Make an effort to learn the language and customs. These are the first baby-steps to learning the culture and viewing it without judgment.

Tip 3: Remove Your Culture-tinted Glasses

Once you’ve begun the process of integration, it will soon be time to remove your culture-tinted glasses. And that’s what this blog is all about: helping you to live and manage across cultures by integrating to the point that you start to see the culture through its own eyes, instead of your own near-sighted bias.

You can do this through the five steps outlined in my book:

no_monkey_character_CMYK-02

I’ll talk about these steps in greater detail over the coming weeks.

How Culture Shapes Our World

You woke up this morning and ate a breakfast of eggs and toast without consciously realizing that breakfast was culture.

You dressed, got ready, did your hair, suited up without realizing that style is culture.

You went to work by metro, jostled in between a man in sneakers and sweatpants and a woman in a pantsuit, both on their smartphones, without realizing that mode of transportation, personal space, and gender equality are culture.

You sat in on a morning meeting, putting forth your ideas, your boss nodding along, without realizing that business and hierarchical structures are culture.

You chatted with your colleagues about the latest episode of Game of Thrones without realizing communication and entertainment are culture.

Although culture can appear in the form of tangible things – fashion, entertainment, food, etc. – our own culture is, for the most part, invisible. We don’t often say, “Hey, look – there’s culture!” We breathe it without thinking about it.

And, yet, culture shapes everything in our world.

The Not-So-Invisible Shapes of Culture

Being that culture is so alive and vibrant, it’s not so much that you don’t see culture or know it’s there. The thing is, you’re often blind to your own culture, until it’s contrasted with others.

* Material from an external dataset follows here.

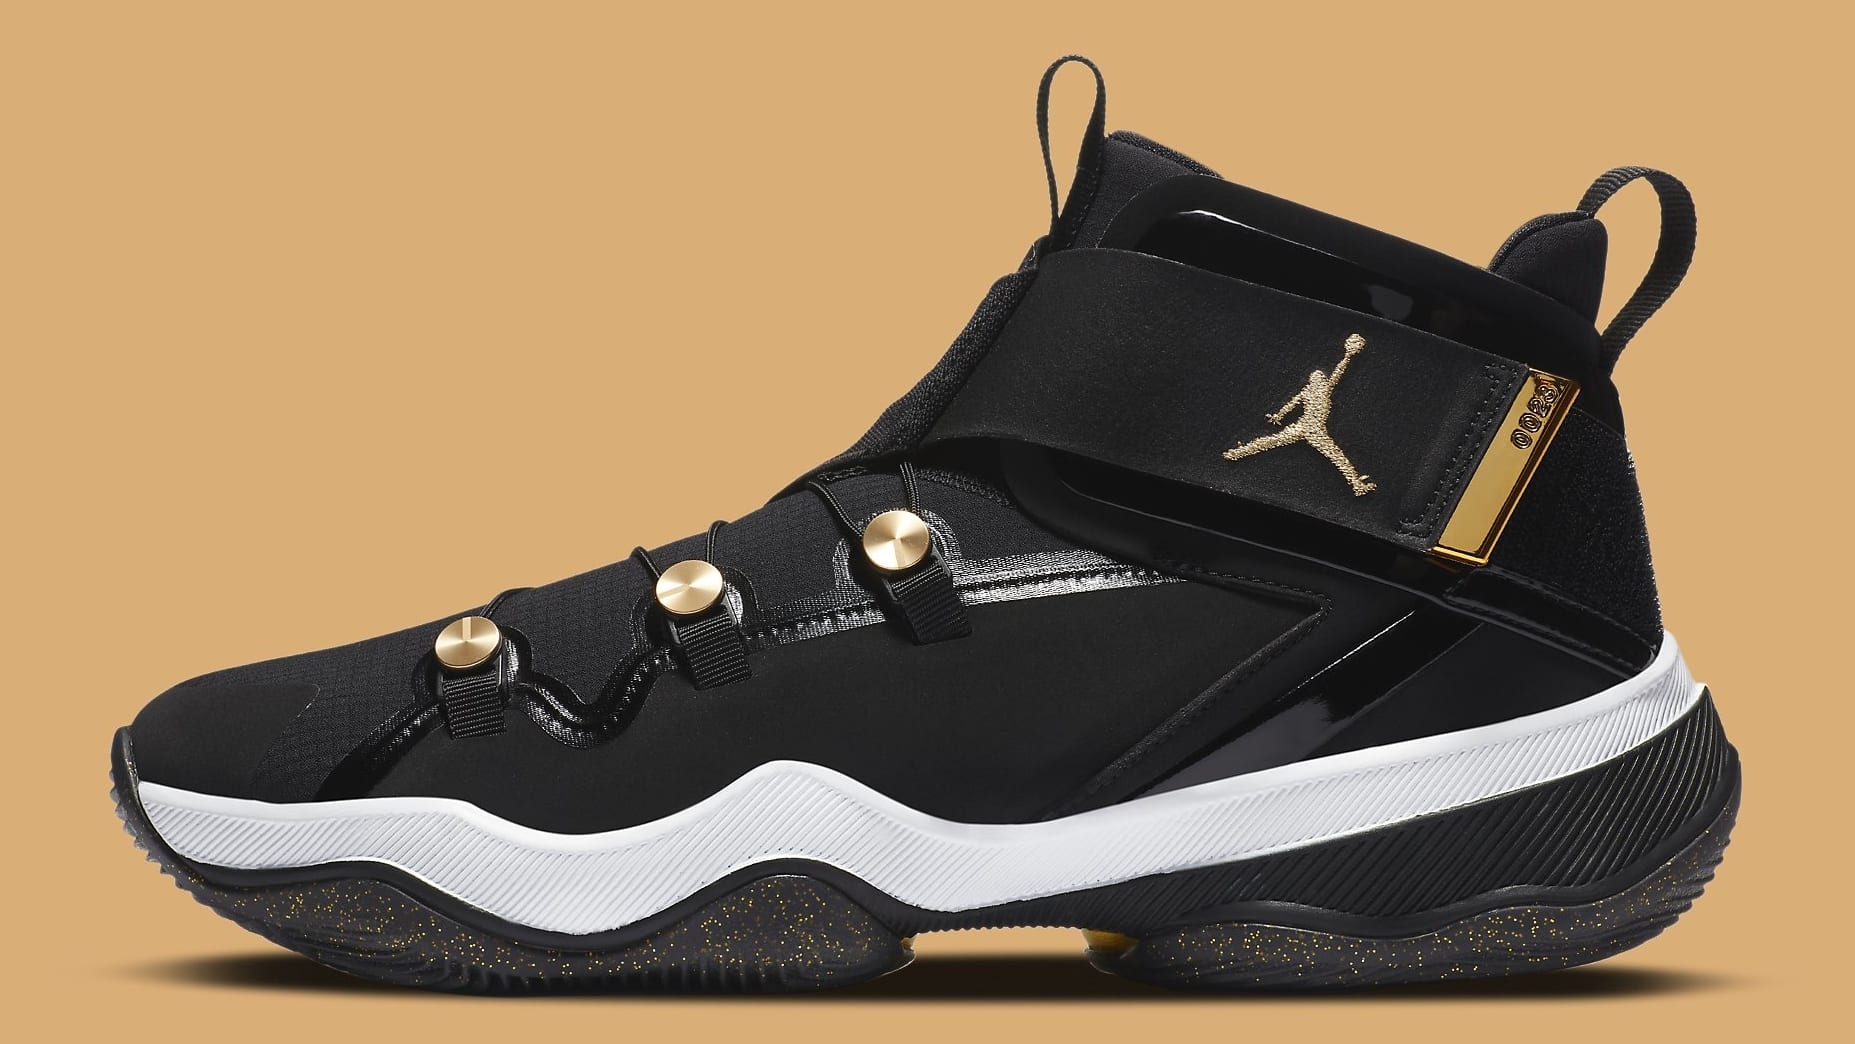 Jordan AJNT 23 Black Gold Release Date CI5441-008 Profile

For instance, here are a few cultural differences. Consider your own culture’s preferences in contrast with those below:

  • Greetings – a handshake in America, a kiss on both cheeks in Italy, a bow in Japan
  • Breakfast – a croissant in France, bread and honey in Morocco, fried noodles in China
  • Common mode of transport – a car in Los Angeles, the Underground in London, a bicycle in Amsterdam
  • Punctuality – extremely punctual in Switzerland, very late in Thailand, punctual in business/not so much in personal matters in Chile
  • Sports – hockey in Canada, cricket in India, football basically everywhere else in the world

These are just some of the ways in which cultures differ. Now, imagine yourself trying to integrate some of these foreign cultural preferences into your life.

Cross-Cultural Understanding

Most of the things around you are culture, from what you eat to what you watch to what you wear, from how you get around to how you think and speak. Apart from your genetic material, culture is everything that shapes who you are and how you view the world.

Knowing all this, in order to integrate into another culture, you must make an effort to stop Viewing Others Through Your Own Culture-Tinted Glasses.